Он прячет взгляд от ее улыбки, она качает головой. В кабинете стоит запах лекарств, через форточку пробивается шум с улицы и солнечный свет.
- Вижу твоя нога совсем здорова, скоро будем выписывать. А, Коль?
- Нет, Елена Сергеевна. Видите: содрал, надо замазать.
- Замаааажем.
Гладит его по ноге, идет за белую шторку. У него приятные мурашки вверх, через карман он поправляет у себя в трусах, боится шевельнуться. Уложила его на кушетку.
- Больно тут?
- Неа.
Морщится, но молчит. Думает, заметила ли медсестра, что торчит в шортах. Но она виду не подает: нельзя ей. Лечение почти закончено и скоро он уедет, надо держать себя в руках.
***
Тридцать лет, а дура дурой. Хорошо, хоть никто не знает, что она здесь. За проводы мальчишки по голове не погладят, главврач строгий очень. Но не сдержалась, рискнула, приехала на вокзал.
На пероне он сунул ей листок с адресом, чмокнул в щеку и бегом в свой вагон. Поезд тронулся, она машет ему рукой, поправляет волосы.
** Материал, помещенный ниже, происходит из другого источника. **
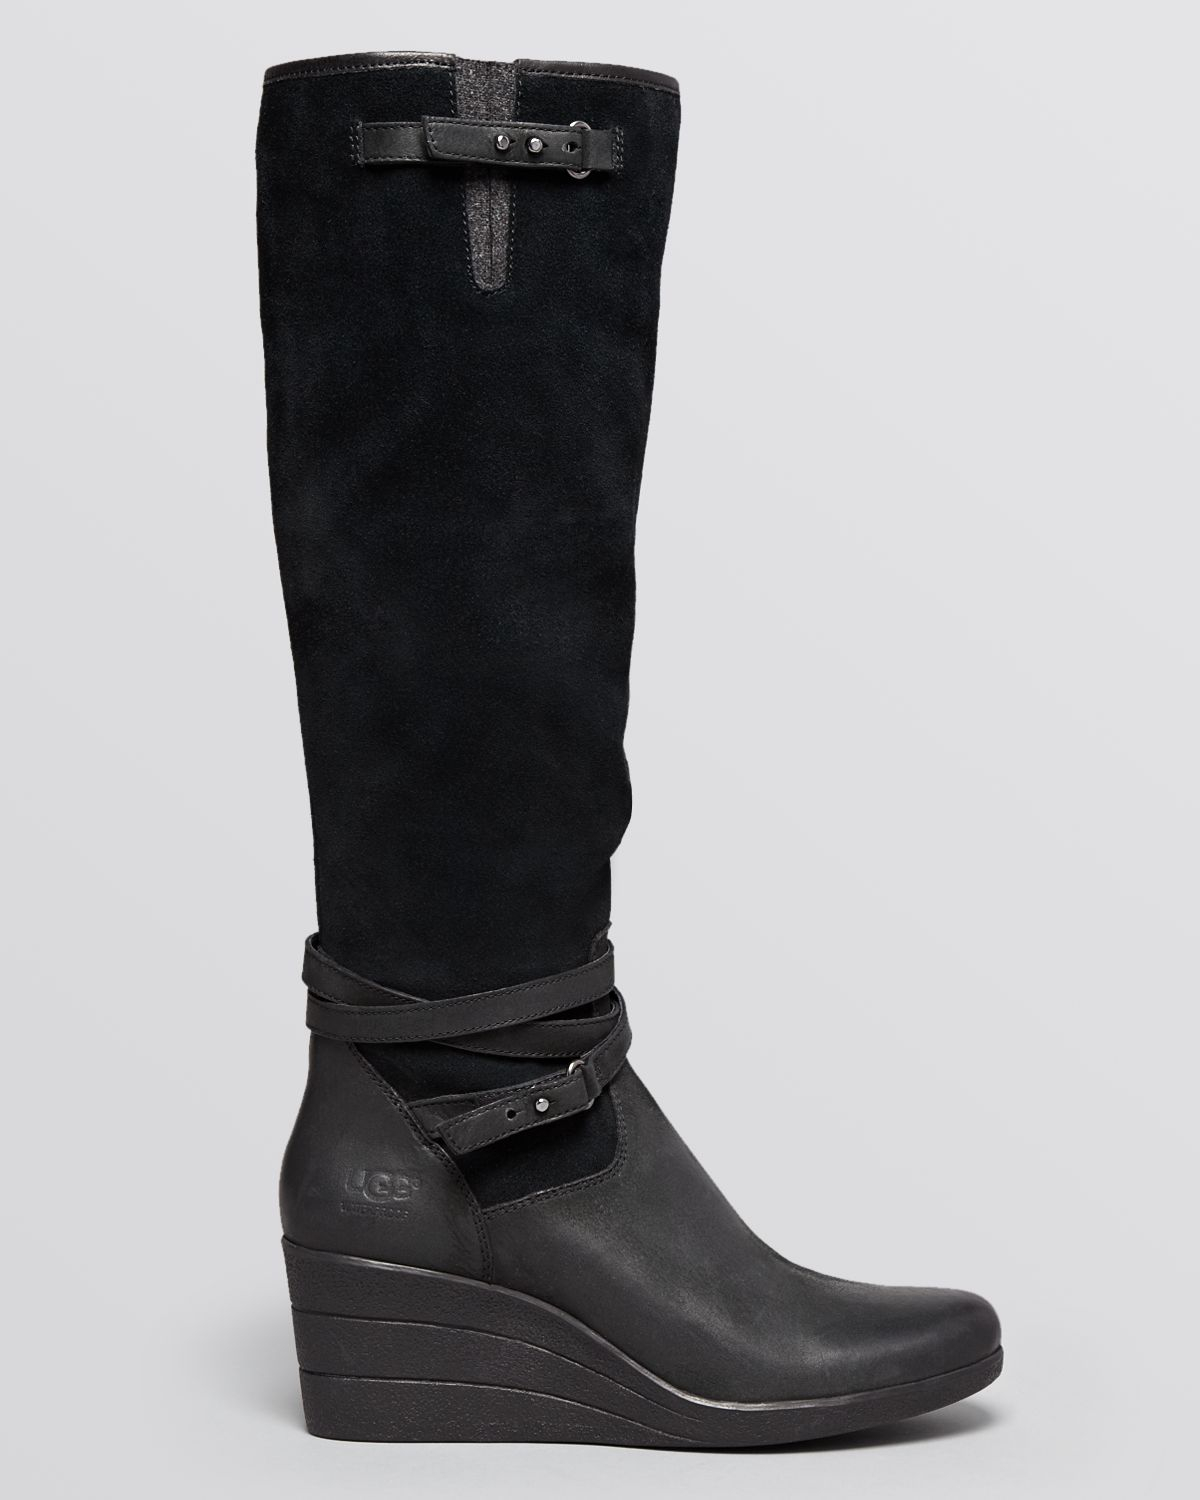 UGG Wool Tall Wedge Boots - Lesley in Black | Lyst

Все будет хорошо. Исчез последний огонек, побрела к маршрутным такси через вокзальную площадь, хлоп-хлоп по карманам, в груди похолодело. Потеряла листок. Как можно было? Остановилась и ревет.
Колокольчиком стоит посреди площади, а люди снуют мимо, взглядами по ней, как лучами, но не говорят ничего. Как рыбы, что голодны, молчат, бьются носами беззвучно в стекла. Едут мимо в своих машинах.
Я посижу немного, думает она. И садится на лавочку.